GIVEN MATERIAL =>
- - -
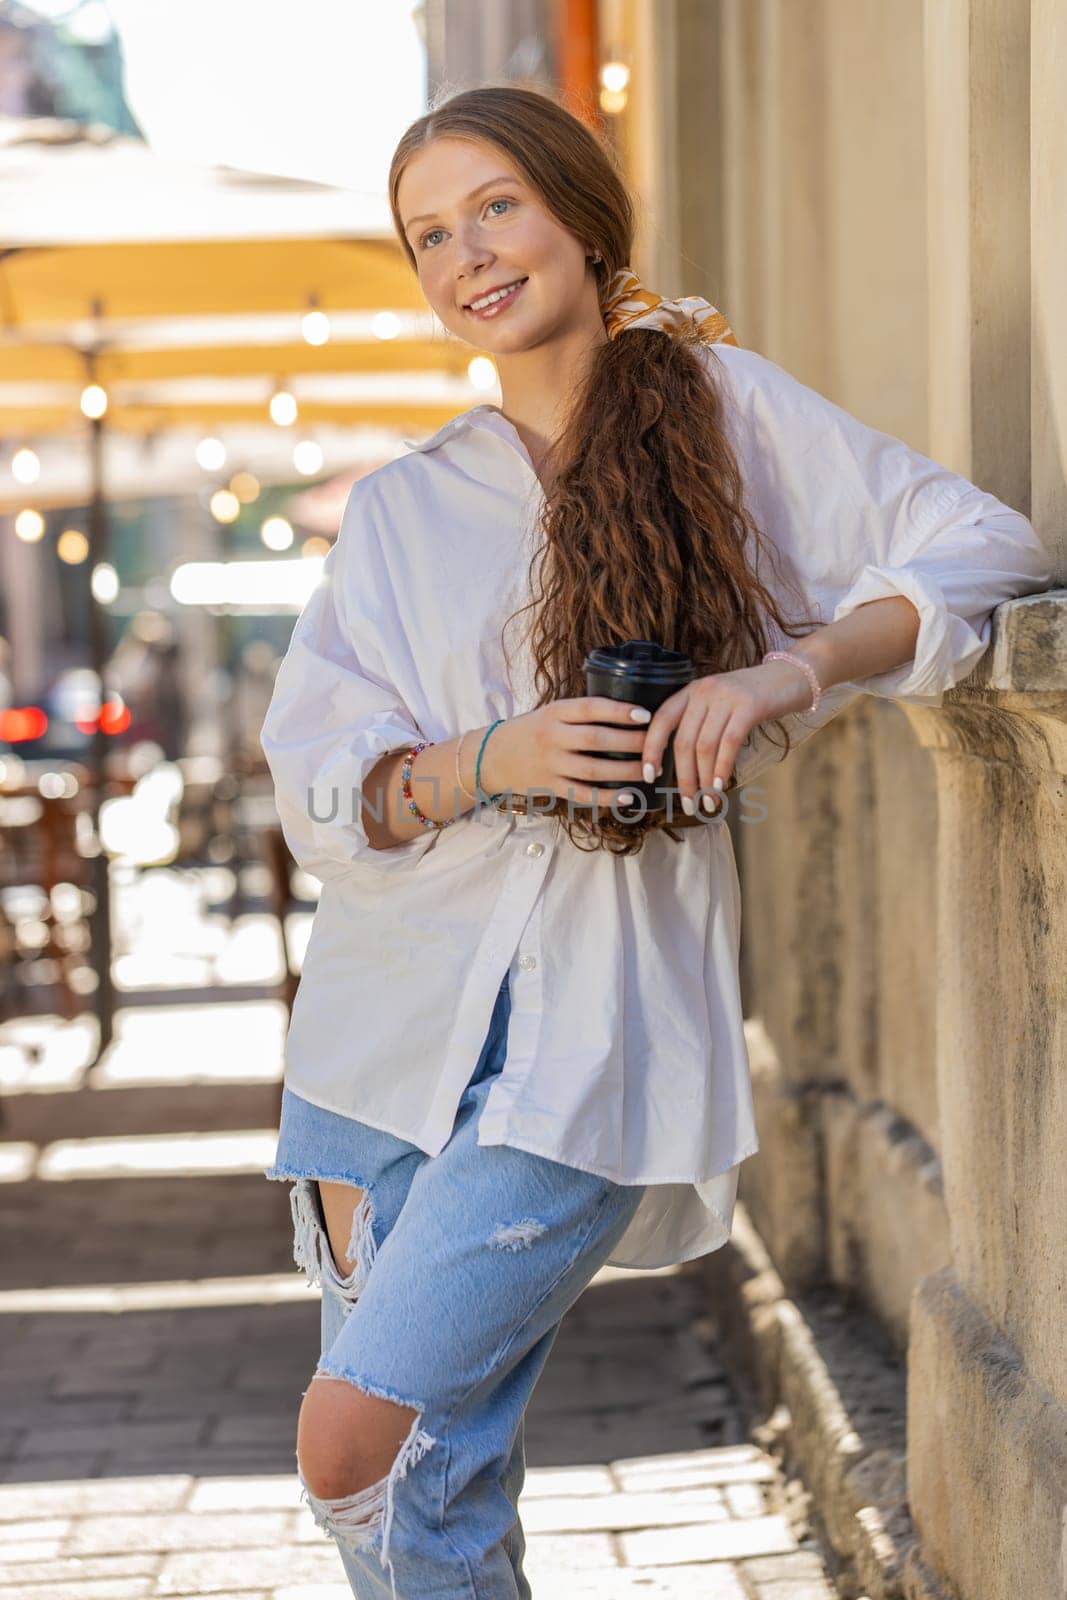 Happy redhead teenager girl enjoying morning coffee hot drink and smiling. Relaxing, taking a break. Young woman standing in urban city center street, drinking coffee to go. Town outside. Vertical
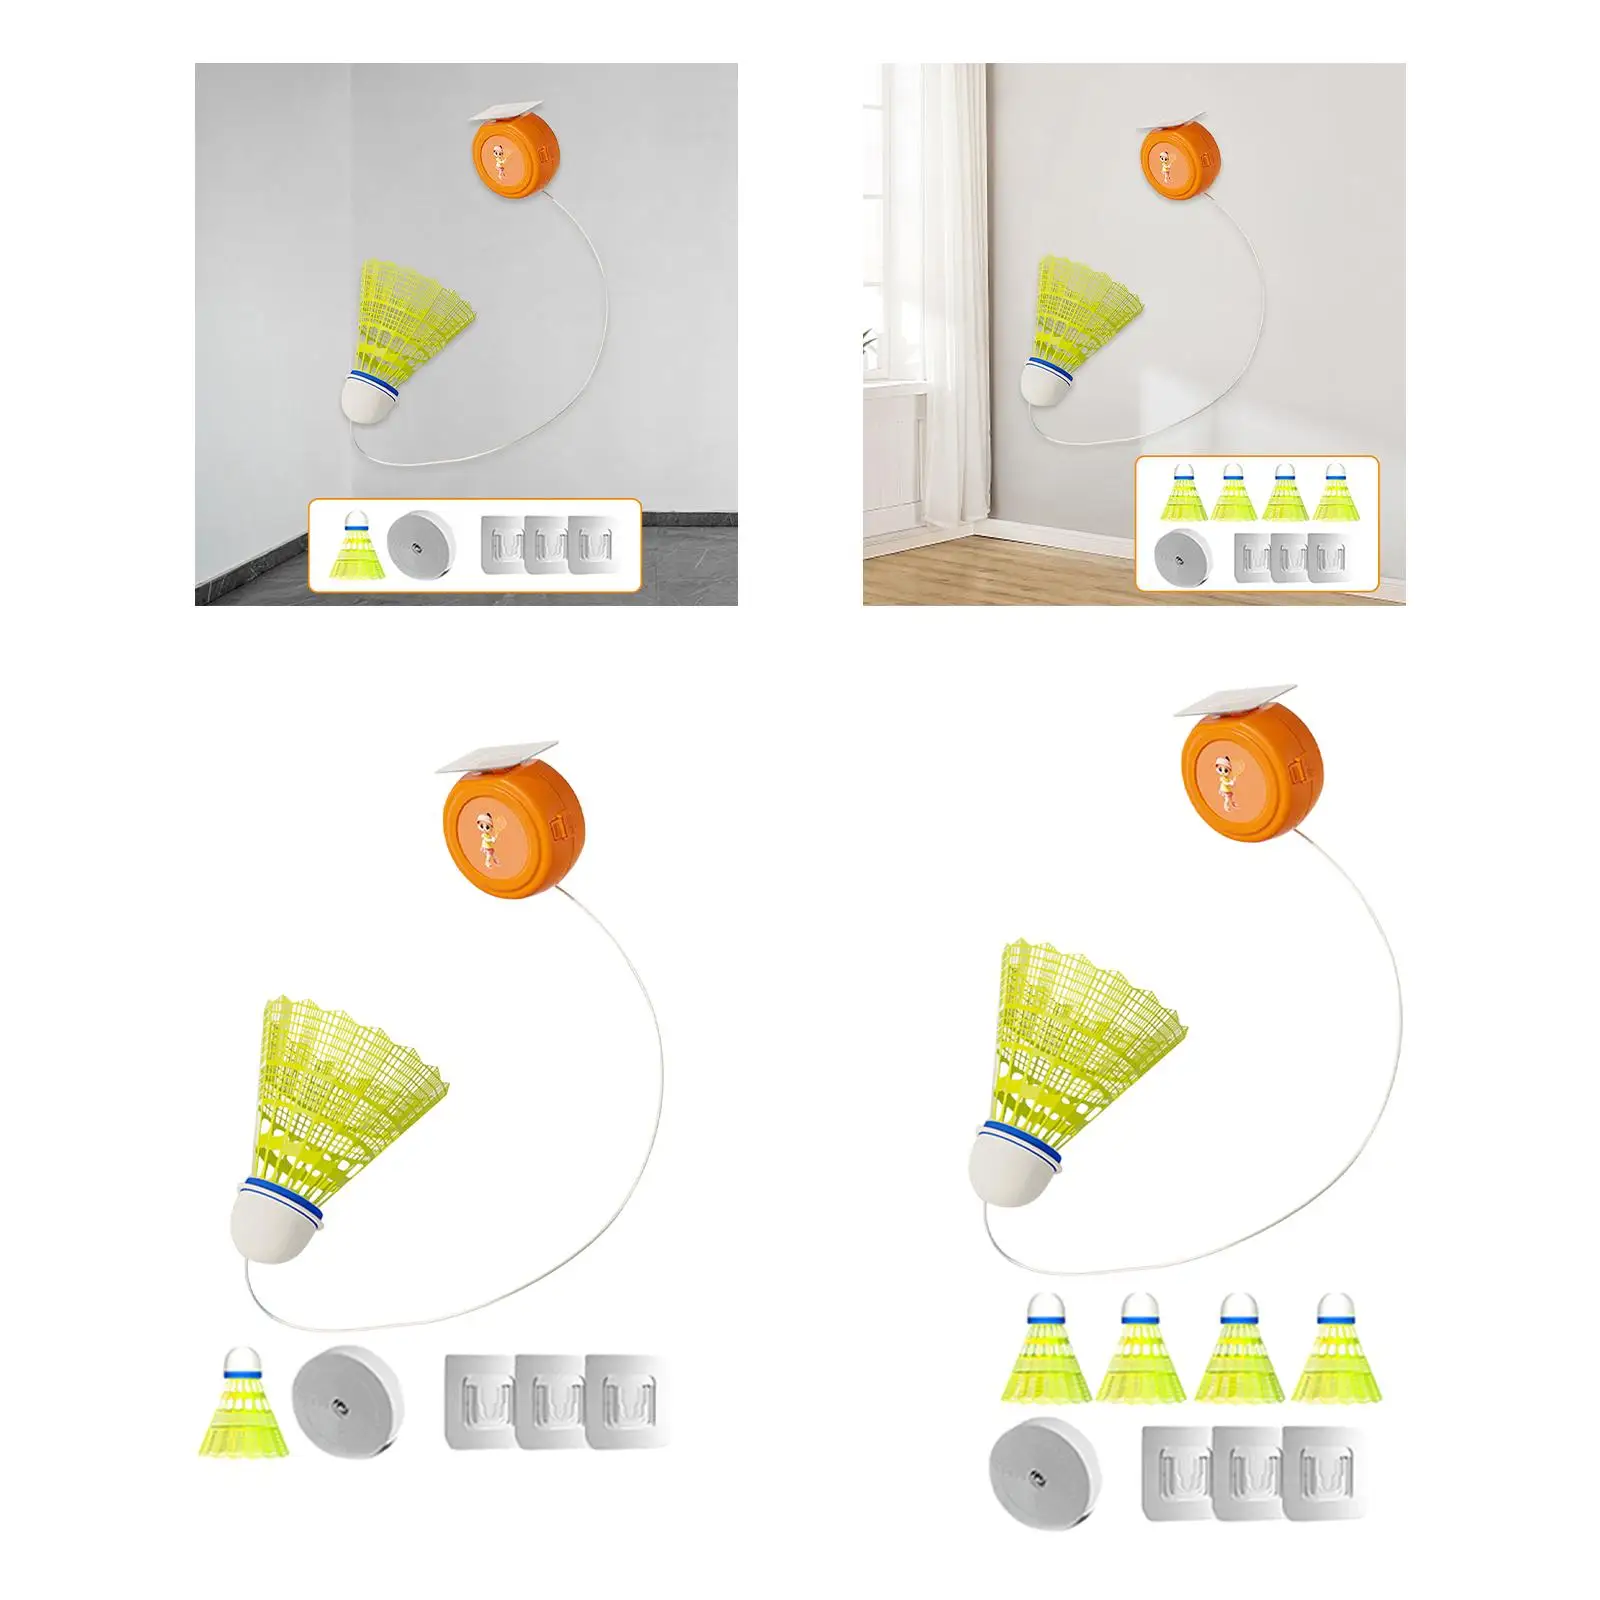 Badminton Solo Trainer, Badminton Training Device with Shuttlecock, Adjustable
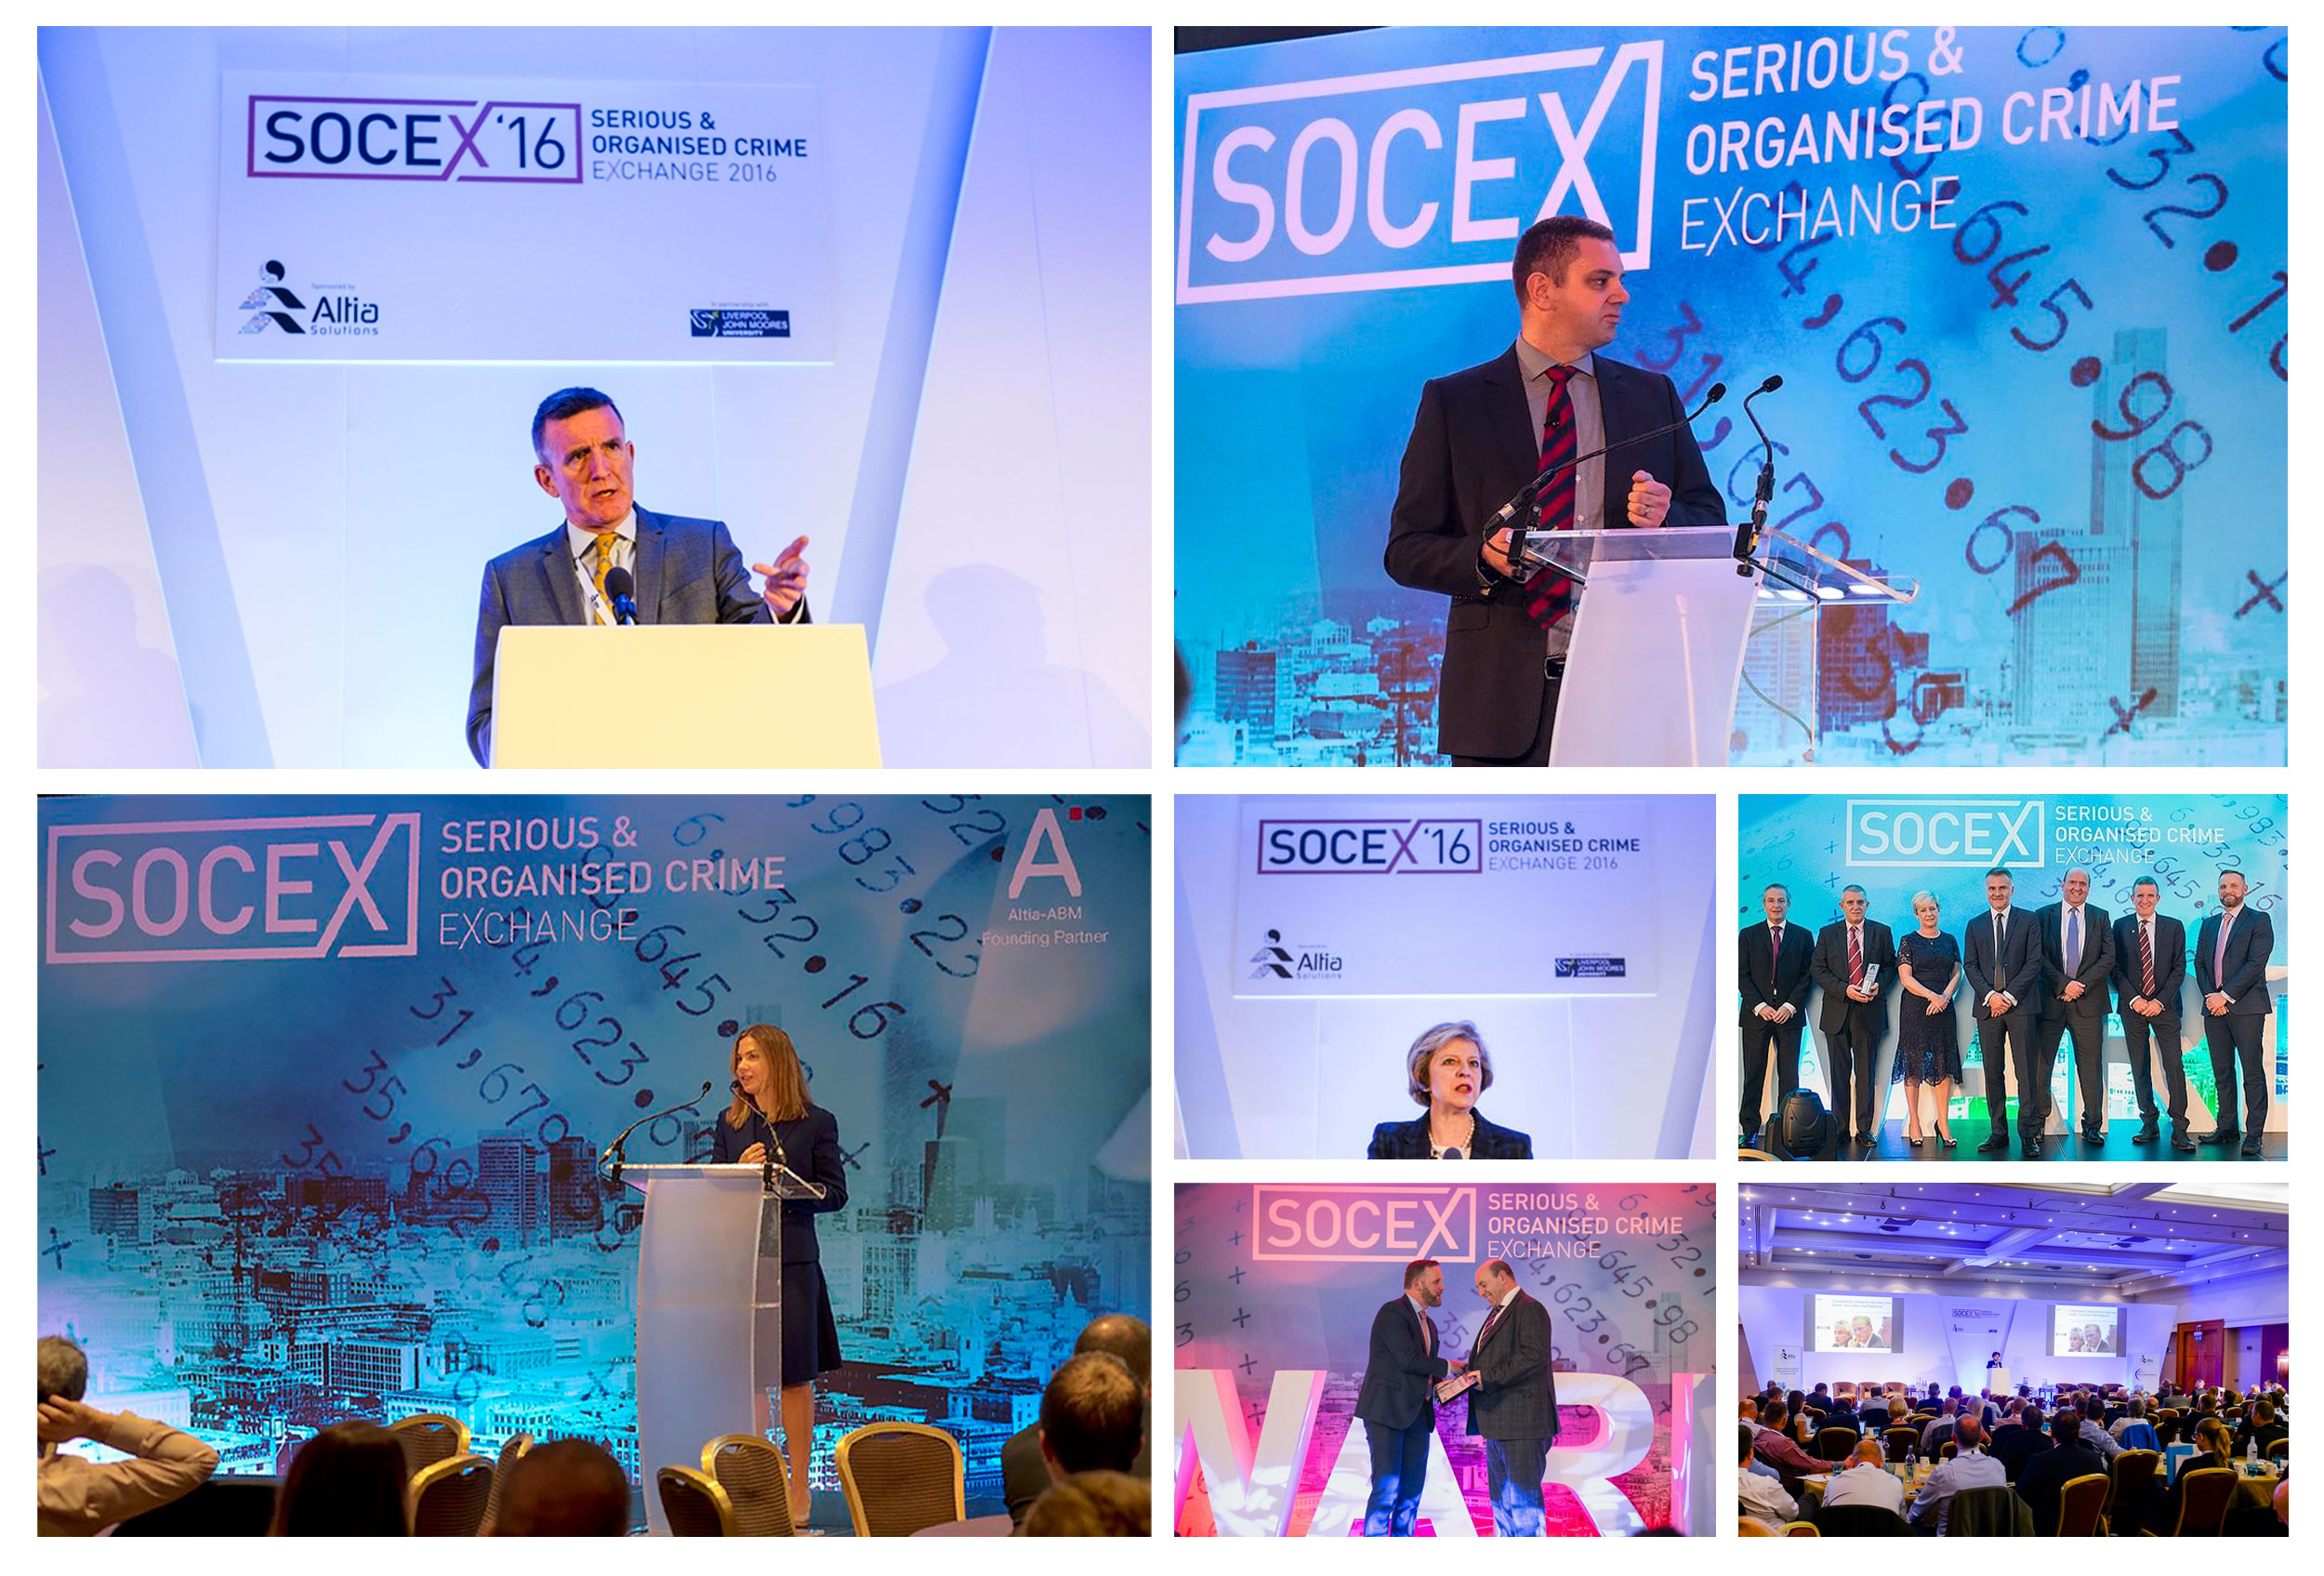 Collection of SOCEX conference images.
- - -
EXERCISE PROMPT => The copy must start at the line containing "Badminton Solo Trainer, Badminton" and stop at the last line of the listing, both included, with every line exact and no pictures.

RESPONSE TO THIS EXERCISE =>
 Badminton Solo Trainer, Badminton Training Device with Shuttlecock, Adjustable
 Collection of SOCEX conference images.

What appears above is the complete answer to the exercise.